SPEC CPU2017 Platform Settings for Lenovo Systems

Operating System Tuning Parameters

sched_cfs_bandwidth_slice_us
This OS setting controls the amount of run-time(bandwidth) transferred to a run queue from the task's control group bandwidth pool. Small values allow the global bandwidth to be shared in a fine-grained manner among tasks, larger values reduce transfer overhead. The default value is 5000 (ns).
sched_latency_ns
This OS setting configures targeted preemption latency for CPU bound tasks. The default value is 24000000 (ns).
sched_migration_cost_ns
Amount of time after the last execution that a task is considered to be "cache hot" in migration decisions. A "hot" task is less likely to be migrated to another CPU, so increasing this variable reduces task migrations. The default value is 500000 (ns).
sched_min_granularity_ns
This OS setting controls the minimal preemption granularity for CPU bound tasks. As the number of runnable tasks increases, CFS(Complete Fair Scheduler), the scheduler of the Linux kernel, decreases the timeslices of tasks. If the number of runnable tasks exceeds sched_latency_ns/sched_min_granularity_ns, the timeslice becomes number_of_running_tasks * sched_min_granularity_ns. The default value is 8000000 (ns).
sched_wakeup_granularity_ns
This OS setting controls the wake-up preemption granularity. Increasing this variable reduces wake-up preemption, reducing disturbance of compute bound tasks. Lowering it improves wake-up latency and throughput for latency critical tasks, particularly when a short duty cycle load component must compete with CPU bound components. The default value is 10000000 (ns).
numa_balancing
This OS setting controls automatic NUMA balancing on memory mapping and process placement. NUMA balancing incurs overhead for no benefit on workloads that are already bound to NUMA nodes. Possible settings: For more information see the numa_balancing entry in the Linux sysctl documentation.
kernel.randomize_va_space (ASLR)
This setting can be used to select the type of process address space randomization. Defaults differ based on whether the architecture supports ASLR, whether the kernel was built with the CONFIG_COMPAT_BRK option or not, or the kernel boot options used.

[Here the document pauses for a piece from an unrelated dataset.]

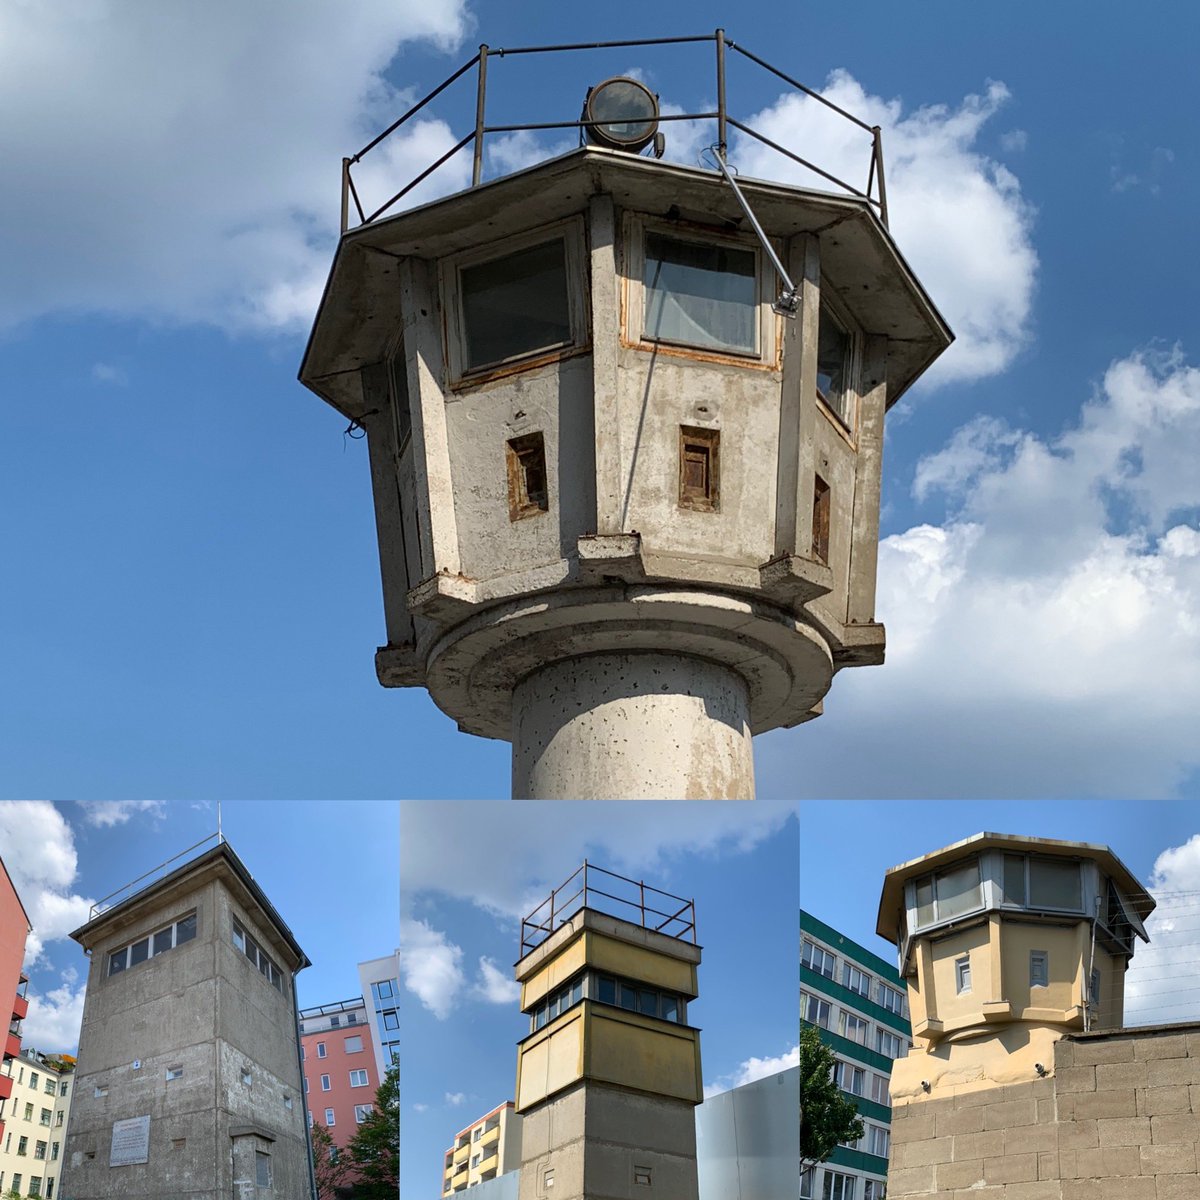 [TREAD] The Watchtowers of the Berlin Wall. We have commemorated this week the 59th (sad) anniversary of the erection of the Berlin Wall. It has now nearly totally disappeared inside the city of Berlin. 160 km long, it included 302  #Watchtowers. Only a few remain in  #Berlin.

Possible settings: Disabling ASLR can make process execution more deterministic and runtimes more consistent. For more information see the randomize_va_space entry in the Linux sysctl documentation.
Transparent Hugepages (THP)
THP is an abstraction layer that automates most aspects of creating, managing, and using huge pages. It is designed to hide much of the complexity in using huge pages from system administrators and developers. Huge pages increase the memory page size from 4 kilobytes to 2 megabytes. This provides significant performance advantages on systems with highly contended resources and large memory workloads. If memory utilization is too high or memory is badly fragmented which prevents hugepages being allocated, the kernel will assign smaller 4k pages instead. Most recent Linux OS releases have THP enabled by default.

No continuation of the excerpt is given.